From the Editor: Growing pains
July 20, 2020 By Mari-Len De Guzman
The industry is going through some growing pains, and like a young adult it is now facing the responsibilities that come with maturity.
Over the last several months, we’ve seen cannabis corporations that were previously swimming in capital now having to make some tough business decisions as cash flows tighten up and revenues continue to underperform. It’s almost a natural progression for a new industry recovering from the highs of an overexcited market and finally climbing back down to face major corrections to pave the way for a well-balanced, competitive, thriving industry.
For now, the staff cuts and facility closures are painful, especially against the backdrop of a global pandemic that has slowed down the economy. Just over a year ago, the industry was on a hiring spree. Everyone wanted to be part of the cannabis indsutry. Positions were consistently opening up not just in the cultivation department but in other parts of the business as well. People were transferring their skills from another industry and applying them to this brand new industry. It’s such a different story today.
Not only are cannabis corporations trimming their workforce in significant numbers, some have also announced facility closures and sell-offs. And with cannabis producers working with a leaner workforce and reduced production capacity, the consequences to the market’s supply-and-demand dynamic is uncertain. For an industry that started off with a supply shortfall that literally pushed long-time cannabis consumers back to the grey market (or kept them there), a significant shortage of cannabis products – in various forms – will not help the quest to quash the illicit cannabis market.

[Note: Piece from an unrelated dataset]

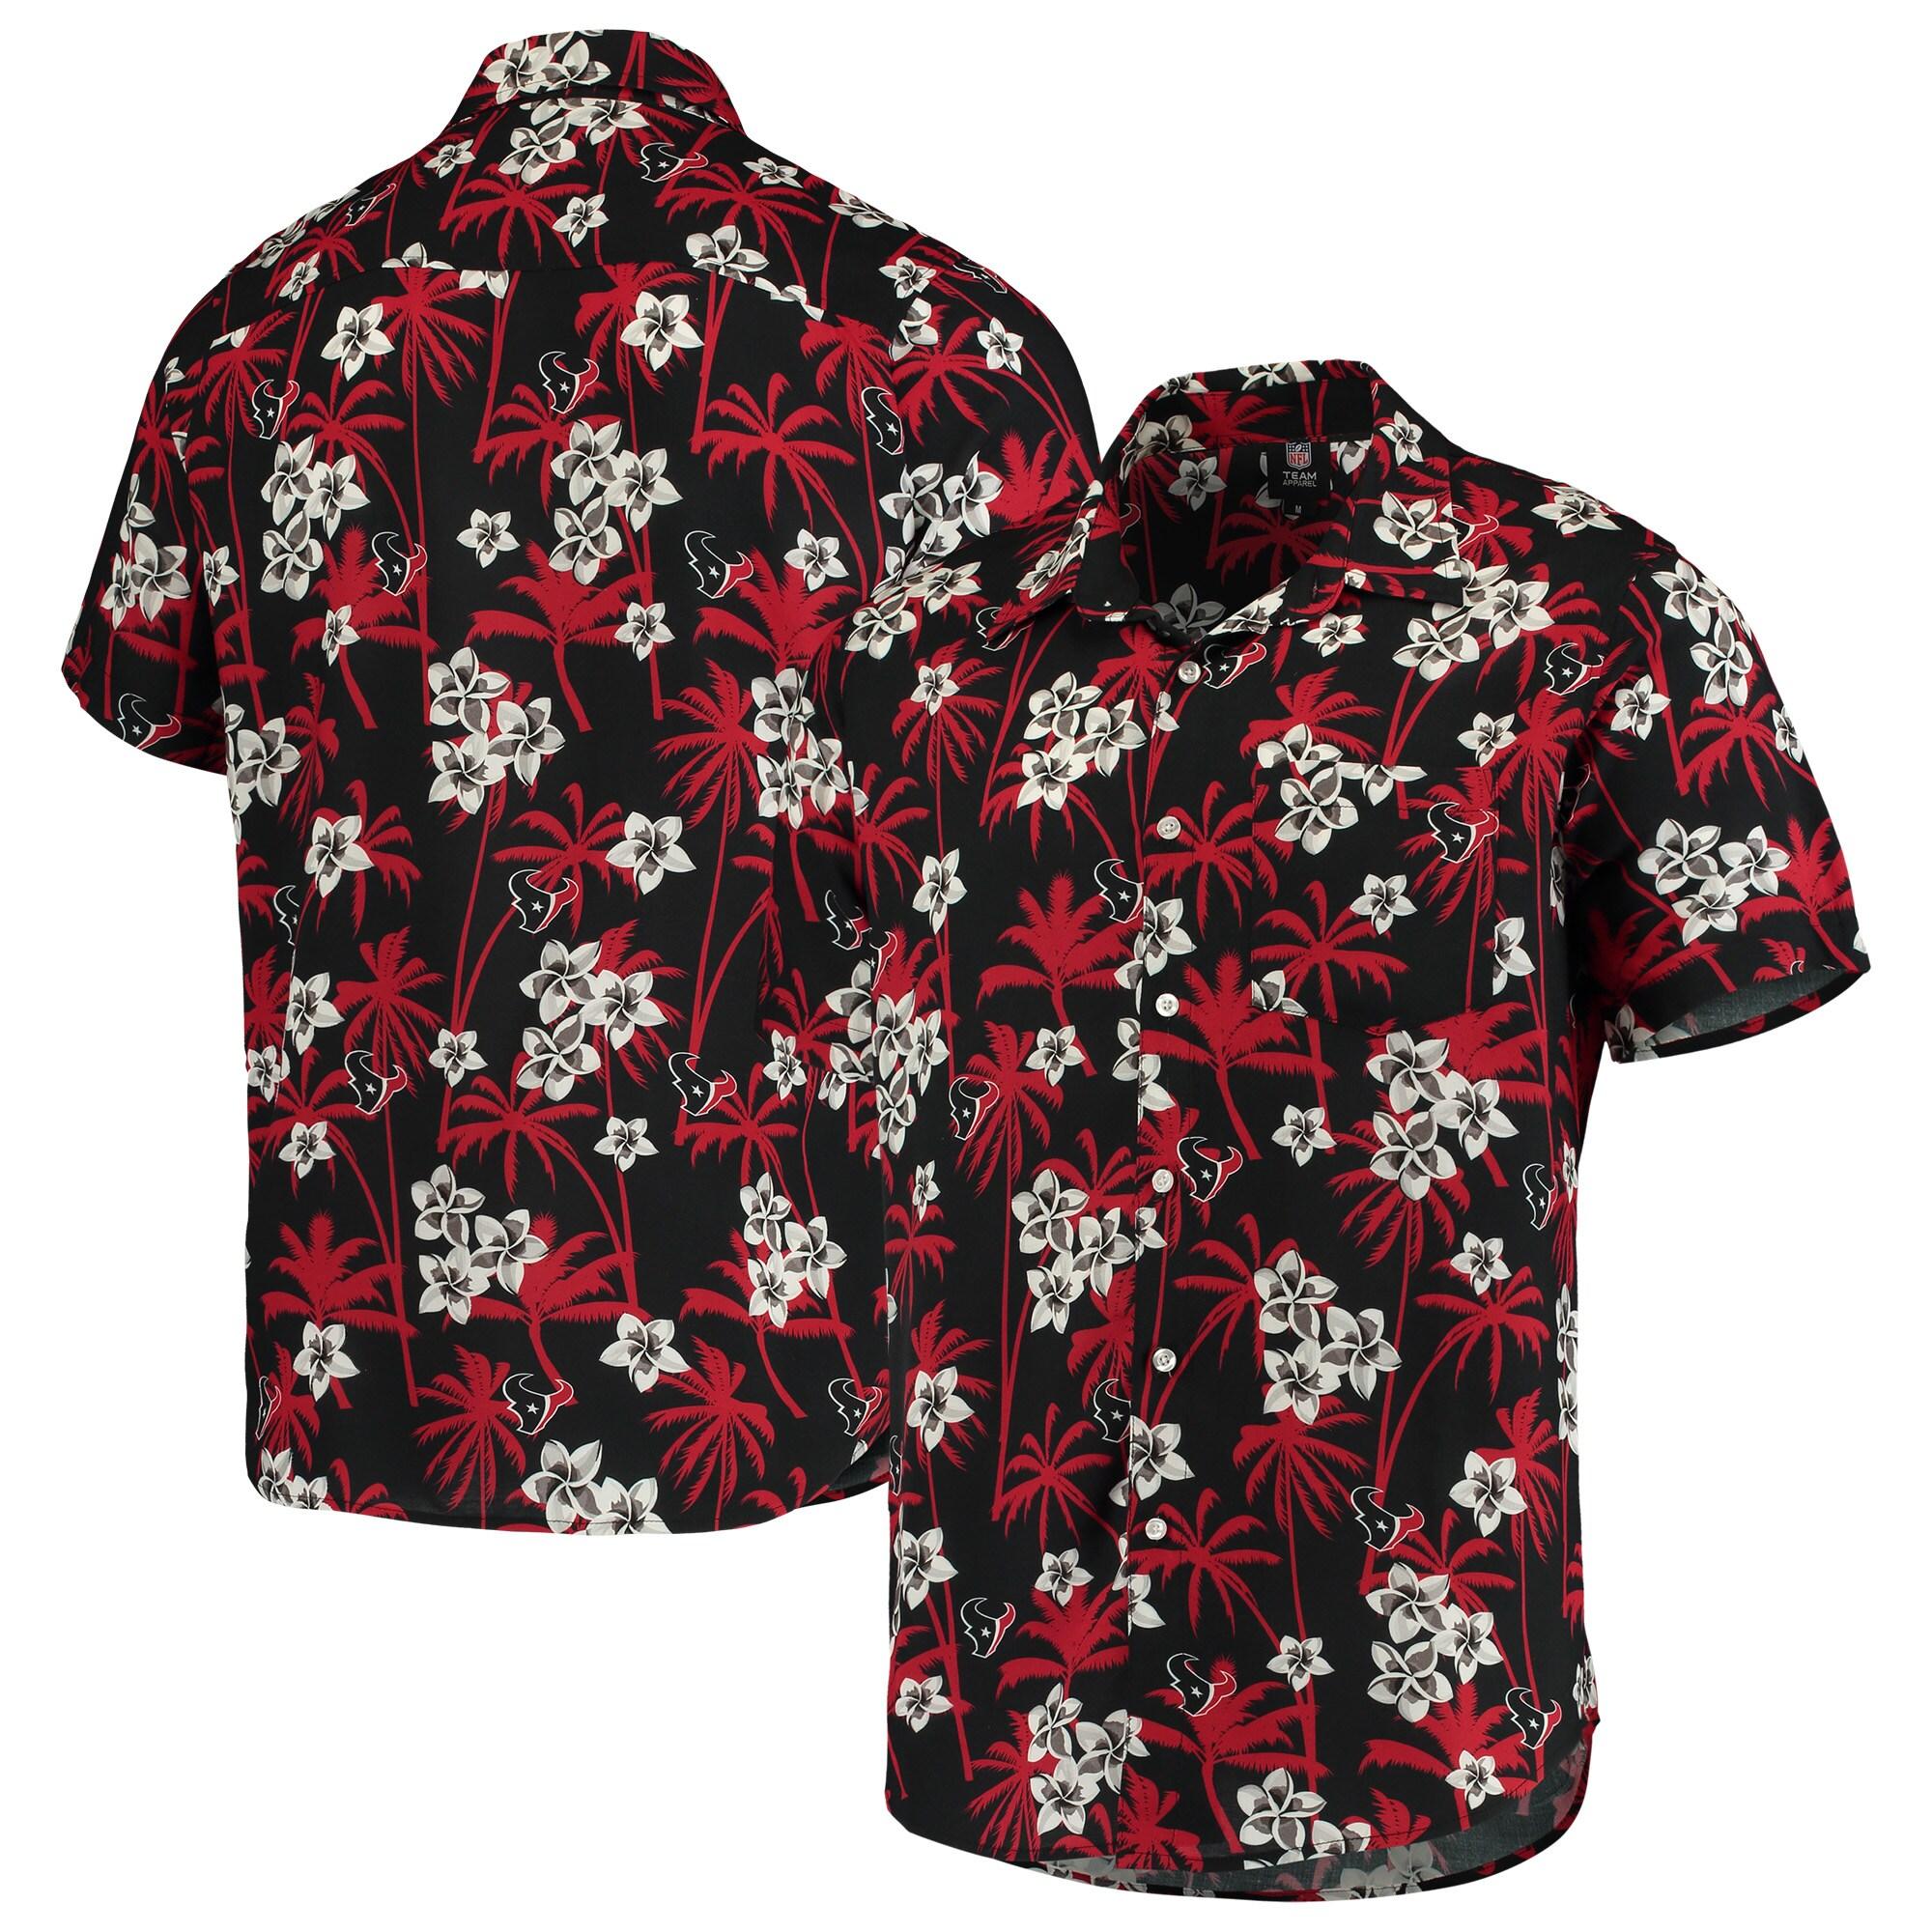 Houston Texans Floral Woven Button-Up Shirt - Navy

Despite the bad news, market reports in recent months indicate higher than average cannabis sales in the height of the pandemic, when most of the country was in lockdown. According to latest data from Deloitte Canada, 23 per cent of cannabis consumers increased their spending on cannabis products since the pandemic began. Moreover, 16 per cent of people who purchased cannabis during COVID-19 are new users.
As things start to look up and businesses gradually re-open following a continued decline in COVID-19 cases (at least in Canada), the hope is that the ripple effects of economic recovery will resonate across industries – including the cannabis industry. In the meantime, cannabis companies will continue to clean house and re-evaluate their business plans for more realistic, market-responsive strategies, and the industry will be stronger for it. A stronger cannabis industry will lead to improved revenues and better employment prospects, and hopefully help restore those jobs that have been lost through this maturing phase that we are in now.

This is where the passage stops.